The following properties are supported for SQL database under the Source tab of a copy activity.

Screenshot showing the source tab and the list of properties.

The following properties are required:

  • Connection: Select an existing SQL database referring to the step in this article.

  • Use query: You can choose Table, Query, or Stored procedure. The following list describes the configuration of each setting:

    • Table: Specify the name of the SQL database to read data. Choose an existing table from the drop-down list or select Enter manually to enter the schema and table name.

    • Query: Specify the custom SQL query to read data. An example is select * from MyTable. Or select the pencil icon to edit in code editor.

      Screenshot showing choosing query.

    • Stored procedure: Select the stored procedure from the drop-down list.

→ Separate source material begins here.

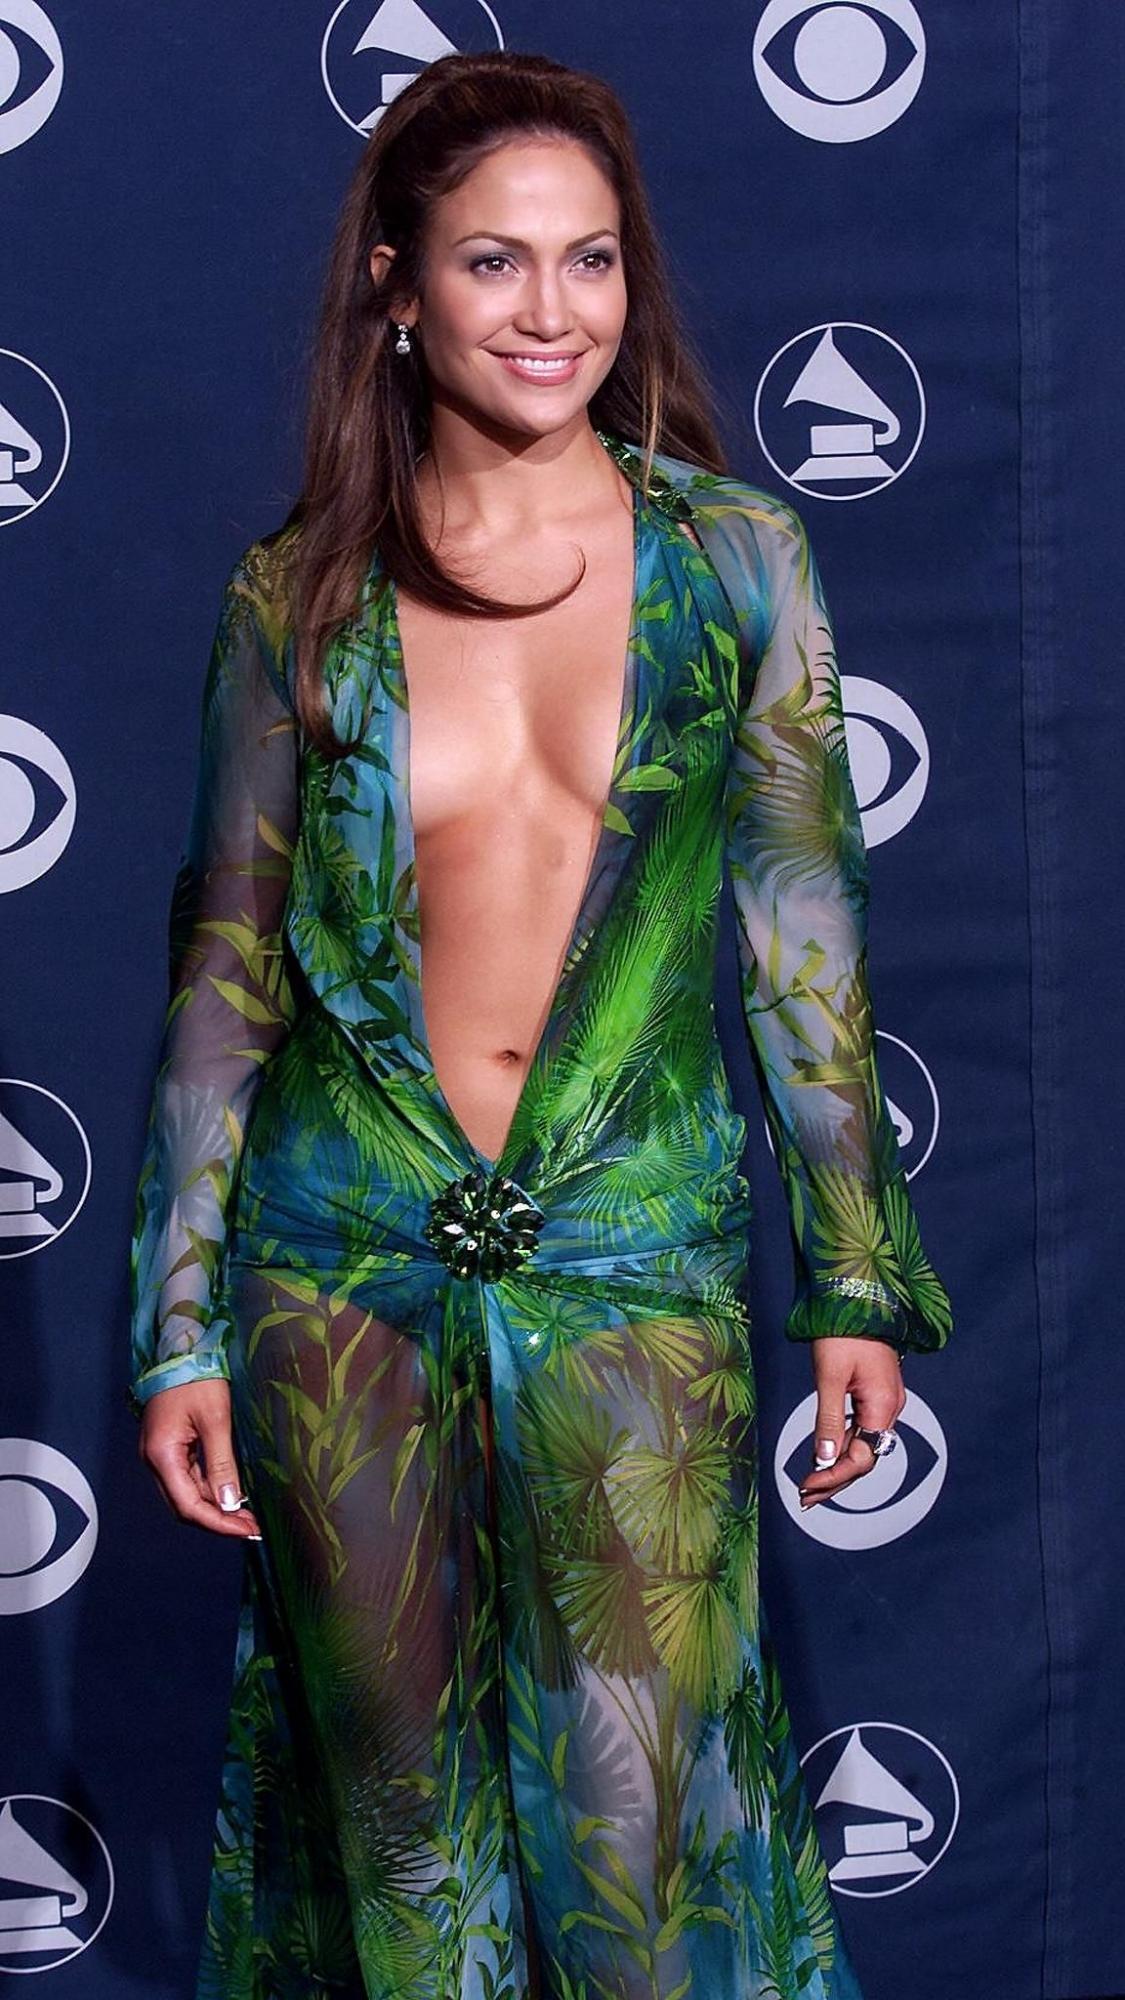 Así lució Jennifer Lopez en la ceremonia de los Grammy del año 2000. (Foto: AFP)

Under Advanced, you can specify the following fields:

  • Query timeout (minutes): Specify the timeout for query command execution, default is 120 minutes. If parameter is set for this property, allowed values are timespan, such as "02:00:00" (120 minutes).

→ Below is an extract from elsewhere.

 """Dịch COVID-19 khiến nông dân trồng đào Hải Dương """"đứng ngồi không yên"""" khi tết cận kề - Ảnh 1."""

    Screenshot showing Query timeout settings.

  • Isolation level: Specifies the transaction locking behavior for the SQL source. The allowed values are: Read committed, Read uncommitted, Repeatable read, Serializable, or Snapshot. Refer to IsolationLevel Enum for more details.

    Screenshot showing Isolation level settings.

  • Partition option: Specify the data partitioning options used to load data from SQL database. Allowed values are: None (default), Physical partitions of table, and Dynamic range. When a partition option is enabled (that is, not None), the degree of parallelism to concurrently load data from an SQL database is controlled by Degree of copy parallelism in copy activity settings tab.

    • None: Choose this setting to not use a partition.

    • Physical partitions of table: When using a physical partition, the partition column and mechanism are automatically determined based on your physical table definition.

    • Dynamic range: When using query with parallel enabled, the range partition parameter(?DfDynamicRangePartitionCondition) is needed. Sample query: SELECT * FROM <TableName> WHERE ?DfDynamicRangePartitionCondition.

      • Partition column name: Specify the name of the source column in integer or date/datetime type (int, smallint, bigint, date, smalldatetime, datetime, datetime2, or datetimeoffset) that's used by range partitioning for parallel copy. If not specified, the index or the primary key of the table is auto-detected and used as the partition column.

        If you use a query to retrieve the source data, hook ?DfDynamicRangePartitionCondition in the WHERE clause. For an example, see the Parallel copy from SQL database section.

      • Partition upper bound: Specify the maximum value of the partition column for partition range splitting. This value is used to decide the partition stride, not for filtering the rows in table. All rows in the table or query result will be partitioned and copied. If not specified, copy activity auto detect the value. For an example, see the Parallel copy from SQL database section.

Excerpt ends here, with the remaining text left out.